INFO:sagemaker.image_uris:Defaulting to only supported image scope: cpu.
INFO:sagemaker:Creating model with name: gradient-boosted-regressor


'gradient-boosted-regressor'

Now, we create two variants by referencing these two registered models.

In [72]:
variant1 = production_variant(
    model_name='decision-tree-regressor',
    instance_type="ml.m5.xlarge",
    initial_instance_count=1,
    variant_name="Variant1",
    initial_weight=0.95,
    volume_size=1
)

In [73]:
variant2 = production_variant(
    model_name='gradient-boosted-regressor',
    instance_type="ml.m5.xlarge",
    initial_instance_count=1,
    variant_name="Variant2",
    initial_weight=0.05,
    volume_size=1
)

In [74]:
(variant1, variant2)

({'ModelName': 'decision-tree-regressor',
  'VariantName': 'Variant1',
  'InitialVariantWeight': 0.99,
  'InitialInstanceCount': 1,
  'InstanceType': 'ml.m5.xlarge',
  'VolumeSizeInGB': 1},
 {'ModelName': 'gradient-boosted-regressor',
  'VariantName': 'Variant2',
  'InitialVariantWeight': 0.01,
  'InitialInstanceCount': 1,
  'InstanceType': 'ml.m5.xlarge',
  'VolumeSizeInGB': 1})

As we note above, initially the two variants are configured to receive 99% (decision tree regressor) and 1% (gradient boosted regressor) respectively.

### Deploy variants

Now we can deploy the variants against the same endpoint allowing `sagemaker` to route incoming traffic in the ratio 99% and 1% to the two variants.

In [75]:
canary_endpoint_name = "diamond-price-pred-2023-06-12"
print(f"EndpointName = {canary_endpoint_name}")

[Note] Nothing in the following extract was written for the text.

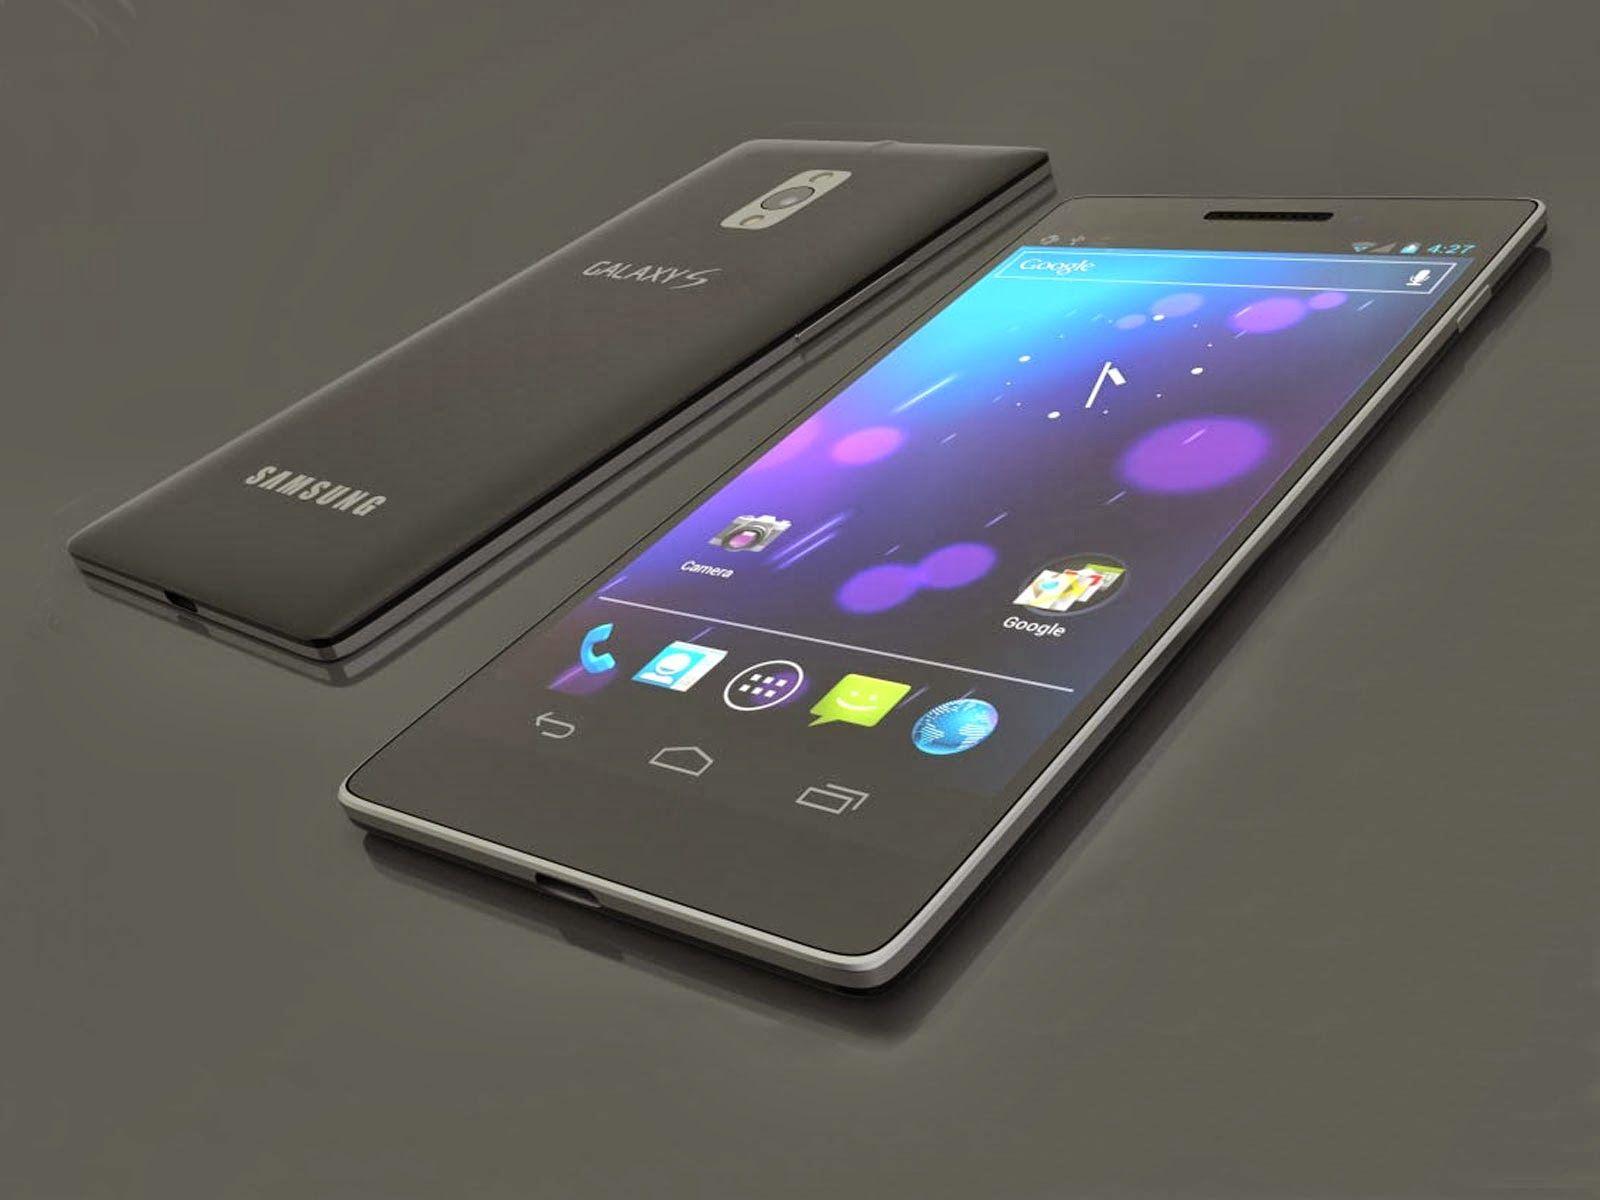 Harga HP Samsung Galaxy Terbaru 2014 HP Samsung Android terbaru Harga Tab Terbaru Samsung daftar ponsel samsung android

EndpointName = diamond-price-pred-2023-06-12


In [76]:
deployment_session.endpoint_from_production_variants(
    name=canary_endpoint_name, 
    production_variants=[variant1, variant2]
)

INFO:sagemaker:Creating endpoint-config with name diamond-price-pred-2023-06-12
INFO:sagemaker:Creating endpoint with name diamond-price-pred-2023-06-12


----!

'diamond-price-pred-2023-06-12'

We can verify the specification of the canary endpoint from the UI to ensure that the traffic flow is correctly configured.

### Test deployment

In [78]:
for invocation_num in range(100):
    
    sample_df = diamonds_df.sample(1)
    sample_Xtest = sample_df[features]
    
    response = runtime.invoke_endpoint(
        EndpointName=canary_endpoint_name,
        Body=sample_Xtest.to_csv(header=True, index=False).encode("utf-8"),
        ContentType="text/csv"
    )

We can check the traffic allocation patterns by looking at the invocation traffic to the endpoint on CloudWatch (expect a slight lag for data to land).

### Safe rollout

Once the updated variant is tested, we can slowly increase the weights assigned to the upgrade gradually pushing all the traffic over to the new variant.

In [84]:
sagemaker_client = boto3.Session().client('sagemaker')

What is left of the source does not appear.